- [Work to complete]:
An exact copy is needed of the lines in the entries below from the line with "Full Size of" up to and including the line with "projekt łazienki, wyposażenie", and of nothing else. Leave the pictures out.

[[ Dataset, beginning ]]

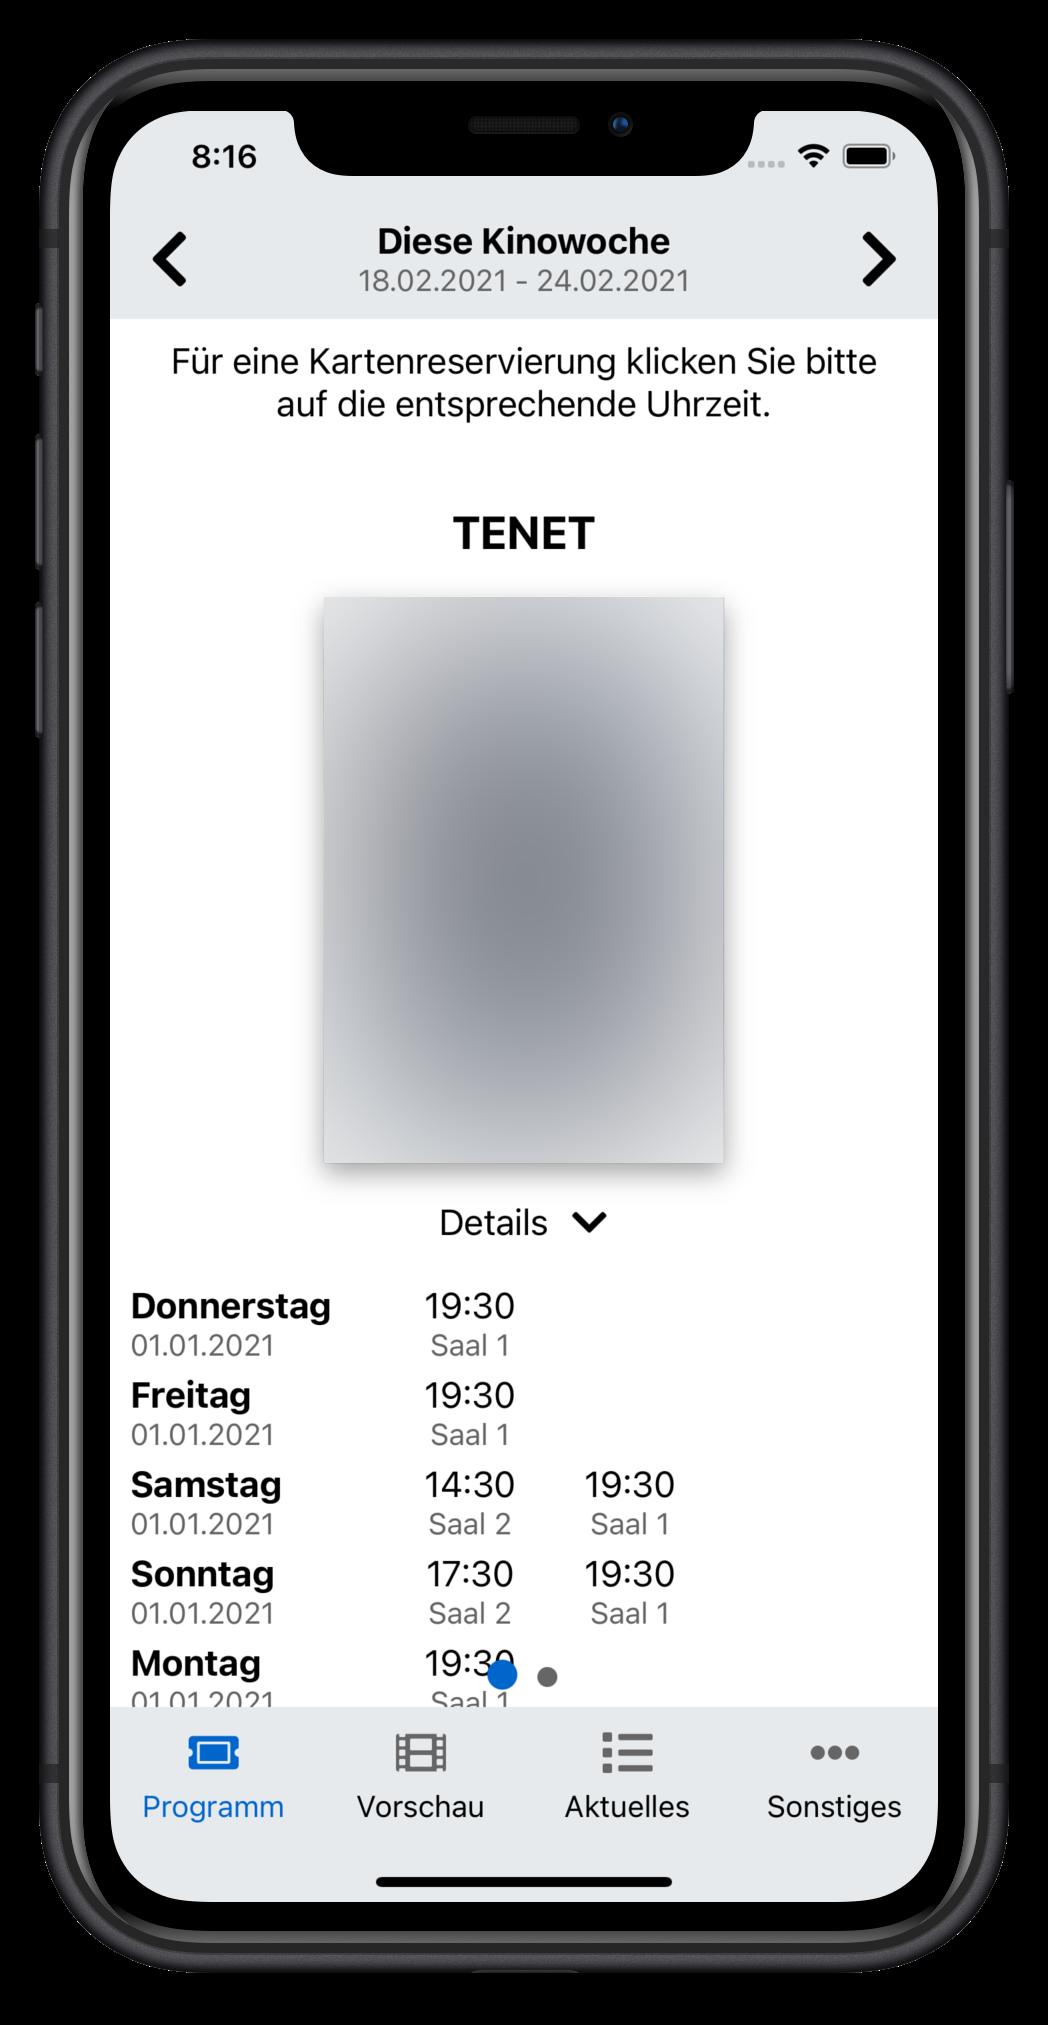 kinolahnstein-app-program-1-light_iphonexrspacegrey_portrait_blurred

[[ Dataset, end ]]
[[ Dataset, beginning ]]

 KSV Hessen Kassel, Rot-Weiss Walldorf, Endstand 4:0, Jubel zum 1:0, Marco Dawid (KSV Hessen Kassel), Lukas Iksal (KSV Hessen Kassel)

[[ Dataset, end ]]
[[ Dataset, beginning ]]

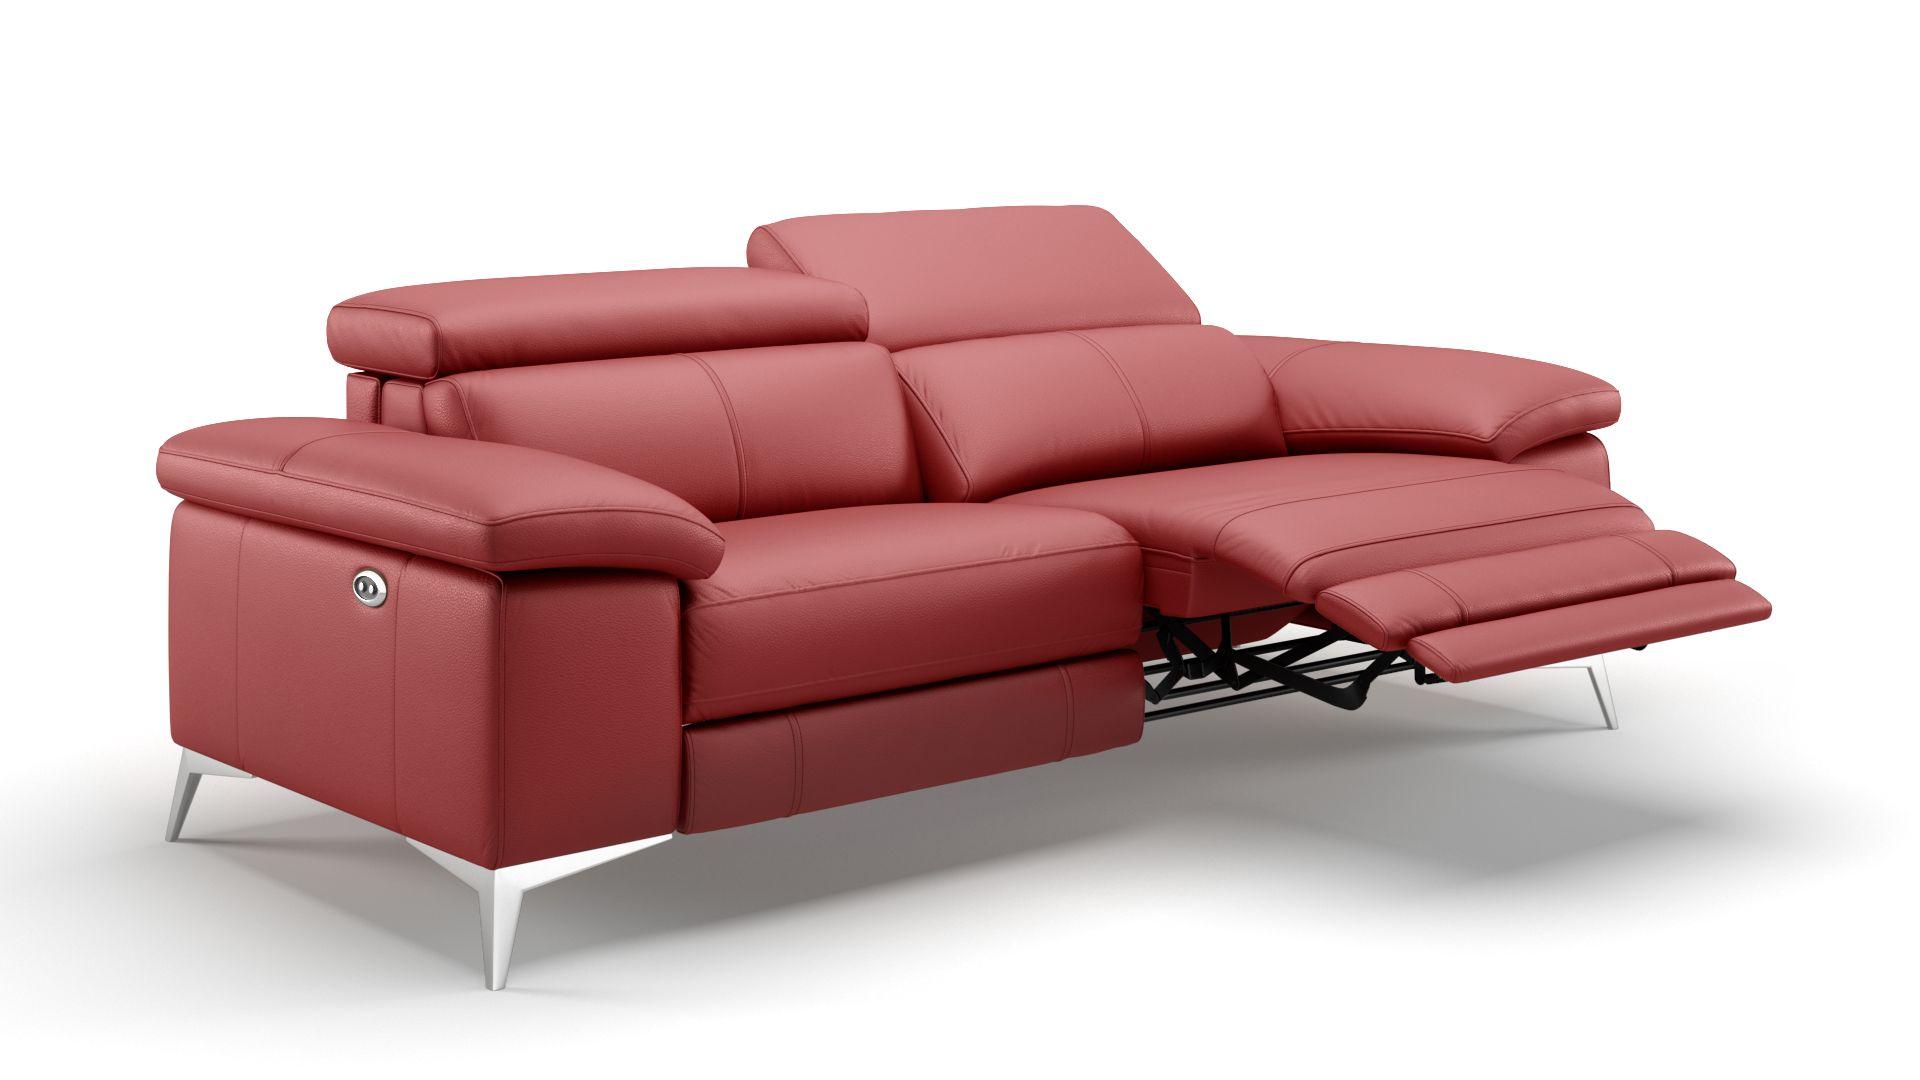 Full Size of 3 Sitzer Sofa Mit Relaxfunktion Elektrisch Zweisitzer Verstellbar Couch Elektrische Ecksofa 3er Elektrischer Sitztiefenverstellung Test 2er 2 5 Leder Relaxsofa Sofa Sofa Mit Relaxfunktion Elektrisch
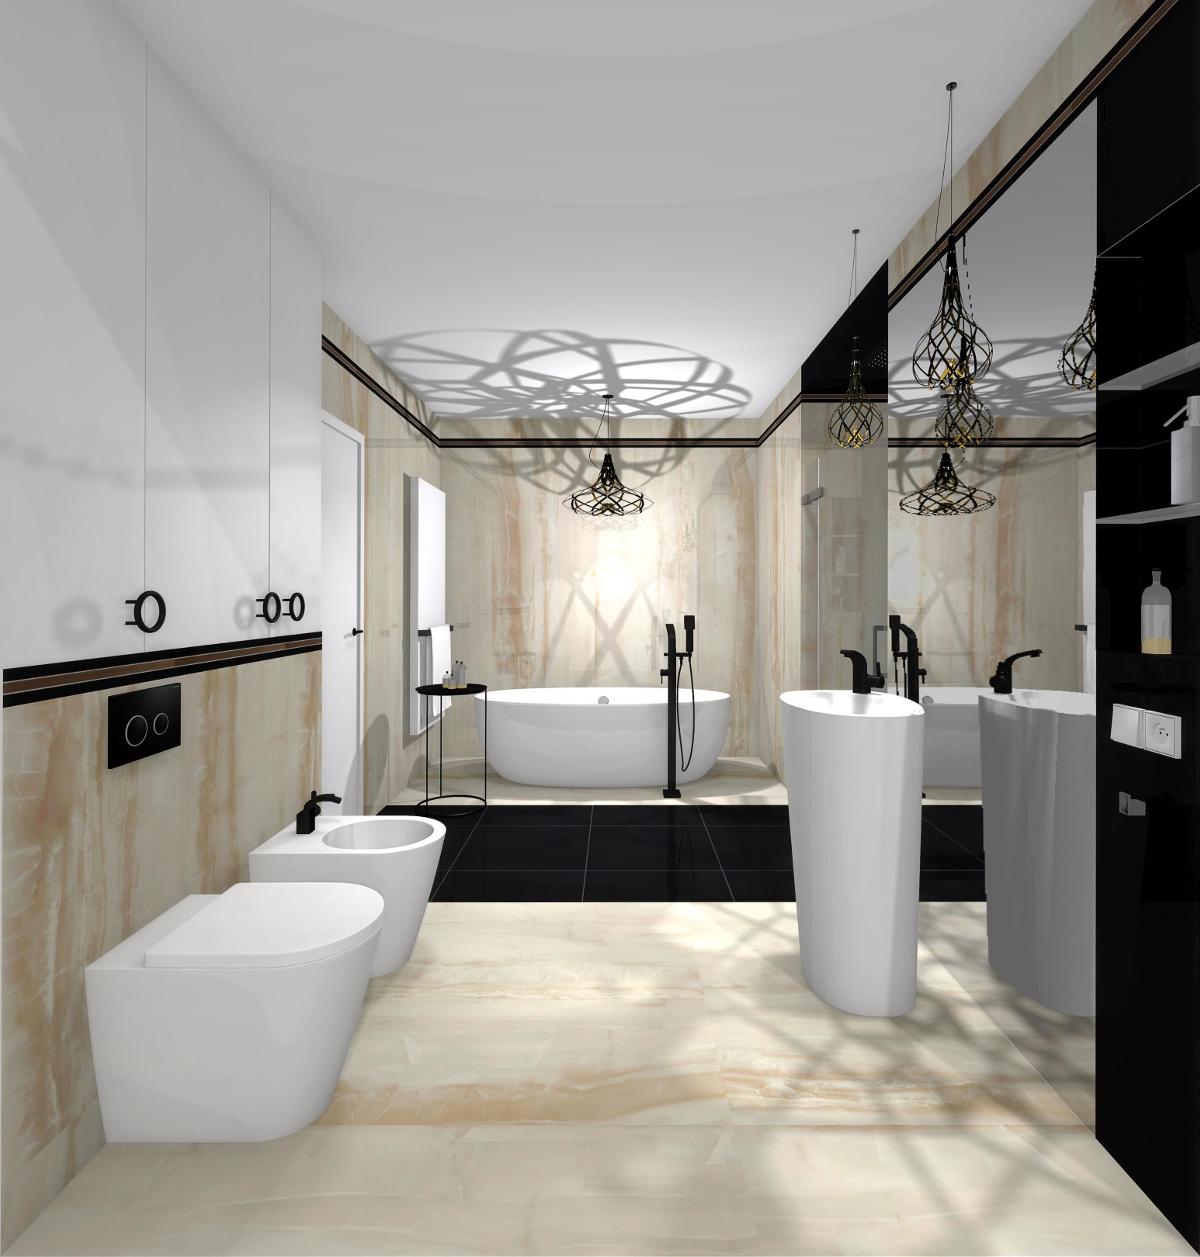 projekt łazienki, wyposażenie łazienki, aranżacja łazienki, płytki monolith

[[ Dataset, end ]]

- [Answer for this exercise]:
 Full Size of 3 Sitzer Sofa Mit Relaxfunktion Elektrisch Zweisitzer Verstellbar Couch Elektrische Ecksofa 3er Elektrischer Sitztiefenverstellung Test 2er 2 5 Leder Relaxsofa Sofa Sofa Mit Relaxfunktion Elektrisch
 projekt łazienki, wyposażenie łazienki, aranżacja łazienki, płytki monolith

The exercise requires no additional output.